Currently mihi's ministreaming library has a fairly simple stream negotiation protocol - Alice sends Bob a SYN message, Bob replies with an ACK message, then Alice and Bob send each other some data, until one of them sends the other a CLOSE message. For long lasting connections (to an irc server, for instance), that overhead is negligible, but for simple one-off request/response situations (an HTTP request/reply, for instance), thats more than twice as many messages as necessary. If, however, Alice piggybacked her first payload in with the SYN message, and Bob piggybacked his first reply with the ACK - and perhaps also included the CLOSE flag - transient streams such as HTTP requests could be reduced to a pair of messages, instead of the SYN+ACK+request+response+CLOSE.
The ministreaming protocol takes advantage of a poor design decision in the I2P client procotol (I2CP) - the exposure of "mode=GUARANTEED", allowing what would otherwise be an unreliable, best-effort, message based protocol to be used for reliable, blocking operation (under the covers, its still all unreliable and message based, with the router providing delivery guarantees by garlic wrapping an "ack" message in with the payload, so once the data gets to the target, the ack message is forwarded back to us [through tunnels, of course]).
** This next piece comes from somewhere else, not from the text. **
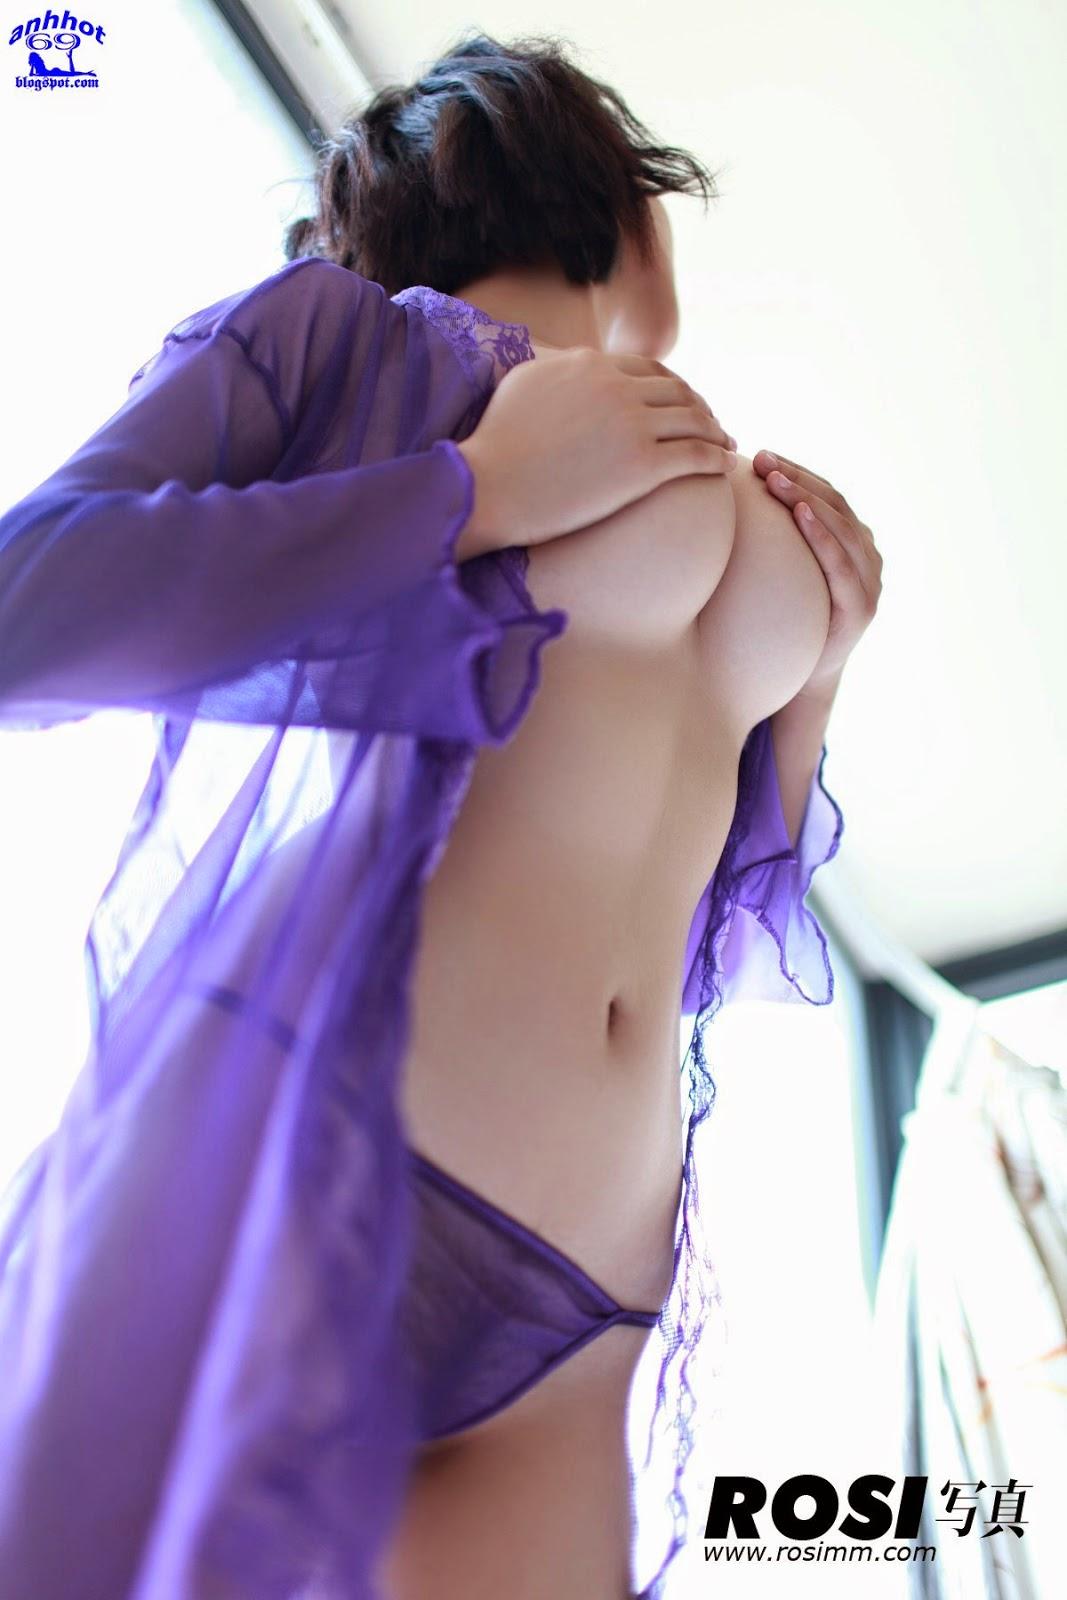 model_girl-rosi-01034449

As I've said, having I2PTunnel (and the ministreaming lib) go this route was the best thing that could be done, but more efficient mechanisms are available. When we rip out the "mode=GUARANTEED" functionality, we're essentially leaving ourselves with an I2CP that looks like an anonymous IP layer, and as such, we'll be able to implement the streaming library to take advantage of the design experiences of the TCP layer - selective ACKs, congestion detection, nagle, etc.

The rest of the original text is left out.